42.      The General Court finally, and correctly in my view, referred to the different purposes served by valuations 1 and 2, the different points in time at which they were drawn up (and the difference in information available), and thus correctly concluded that they were not contradictory. (24)

43.      I therefore consider that the General Court correctly interpreted and applied Article 20(1) of the SRM Regulation.

44.      Second, the appellants argue that the General Court erred (25) in finding that valuations 1 and 2 did not breach the requirements of Article 20(5) of the SRM Regulation. (26)

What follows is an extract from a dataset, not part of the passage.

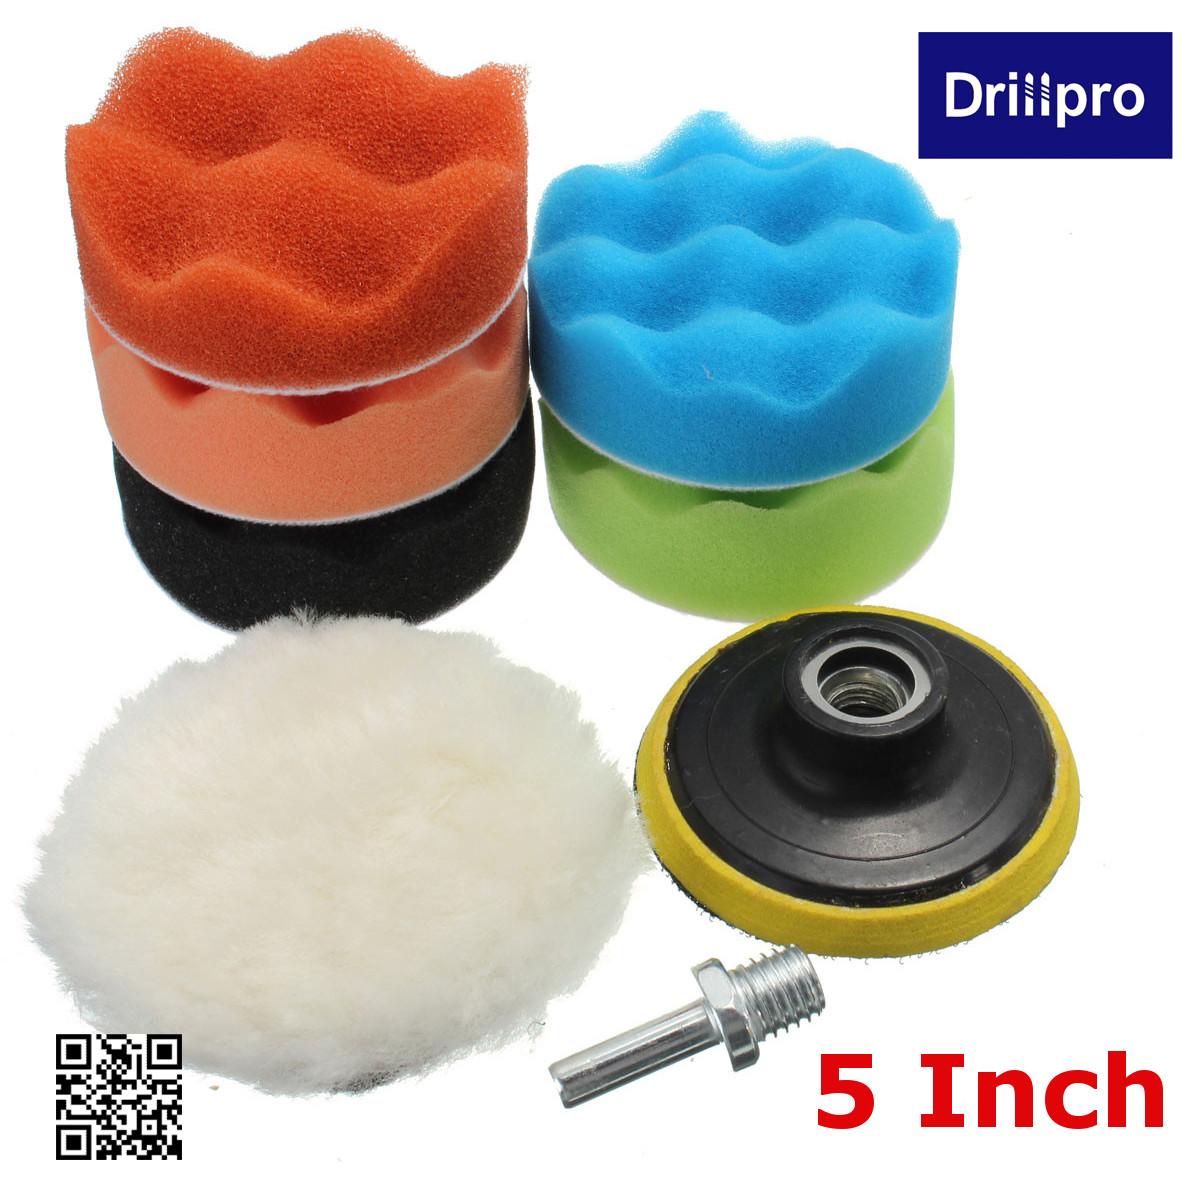 "7Pcs 3/5/6/7"" Sponge Polishing Waxing Buffing Pads Automotive Tools & Supplies Kit Set Compound For Auto Car"

45.      With regard to the objective set out in Article 20(5)(a) of the SRM Regulation, the General Court found that in valuation 1, the SRB analysed that objective, determining whether the conditions for resolution under Article 18(1)(a) of that regulation were met. (27) There is nothing in the arguments of the appellants that brings into question the soundness of the General Court’s analysis.

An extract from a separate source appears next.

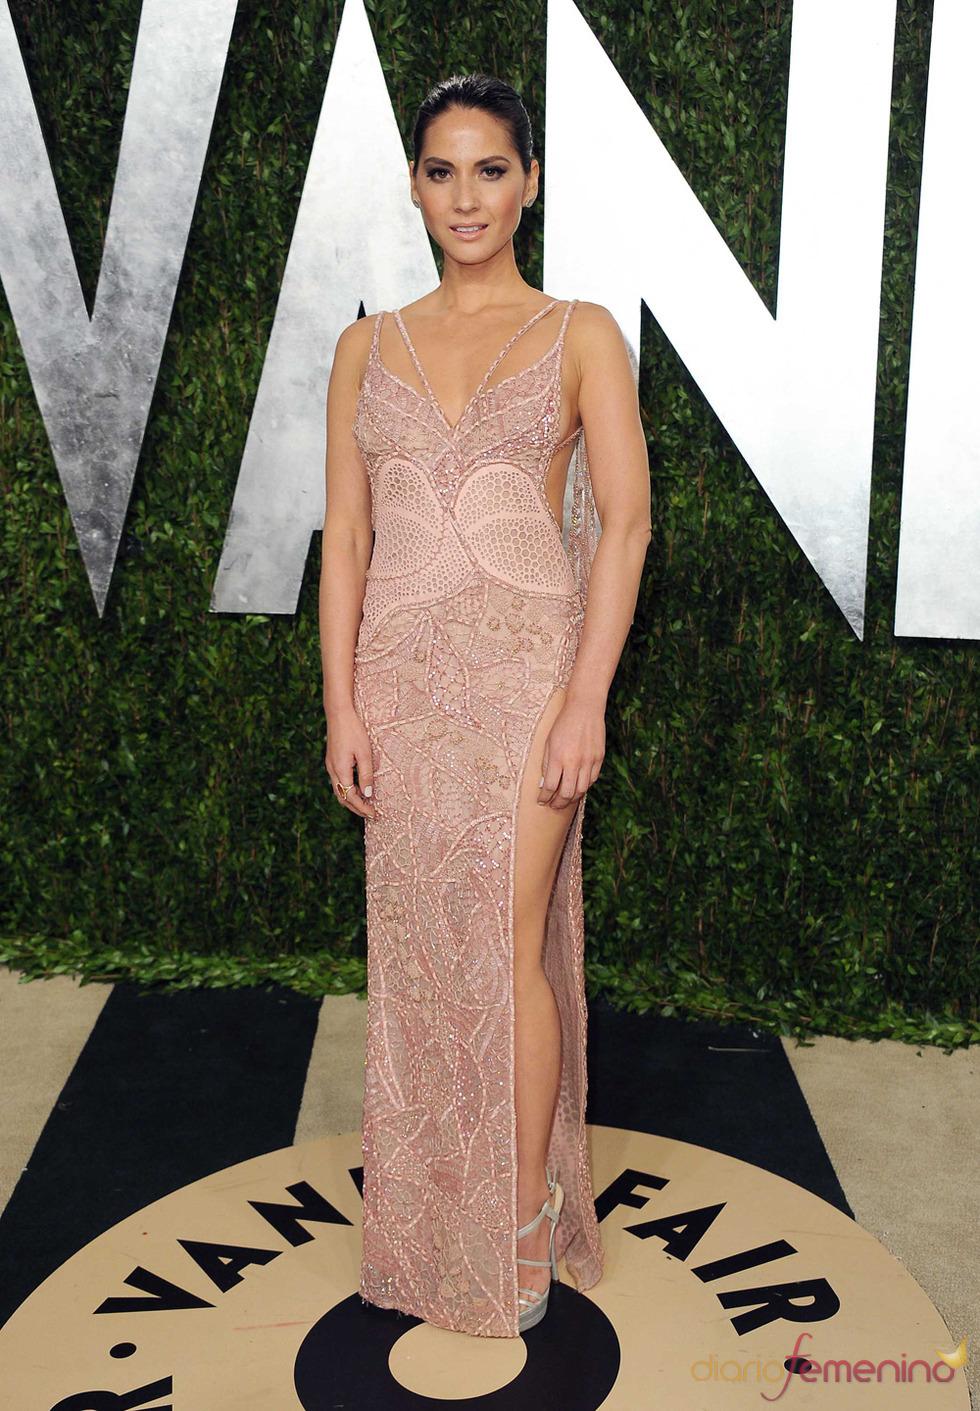 Olivia Munn en la fiesta de Vanity celebrada tras los Oscar 2013

46.      The General Court also rightly analysed the compliance of valuation 2 with the objectives set out in Article 20(5)(b), (f) and (g) of the SRM Regulation, given that in that valuation, Deloitte referred to materially the same objectives, citing Article 36(4)(b), (f) and (g) of Directive 2014/59. (28)

47.      The appellants are correct in stating that the General Court wrongly stated, in paragraph 298 of the judgment under appeal, that no specific argument was put forward in respect of the objective provided for in Article 20(5)(c) of the SRM Regulation. (29)

48.      However, the General Court was right to refer to Article 20(10) of the SRM Regulation, according to which the provisional valuation ‘shall comply with the requirements laid down in paragraph 4 and, in so far as reasonably practicable in the circumstances, with the requirements laid down in paragraphs 1, 7 and 9’. That provision does not mention Article 20(5). In addition, the General Court also rightly stated that Article 20(11) of the SRM Regulation is of relevance, because it states that a valuation that does not comply with the requirements of Article 20(5) is to be considered provisional, as valuations 1 and 2 were.

49.      I therefore consider that the General Court did not err in its interpretation of Article 20(5) of the SRM Regulation.

50.      Third, the appellants argue that the General Court erred in finding that valuation 2 did not breach the requirements of Article 20(7) and (9) of the SRM Regulation.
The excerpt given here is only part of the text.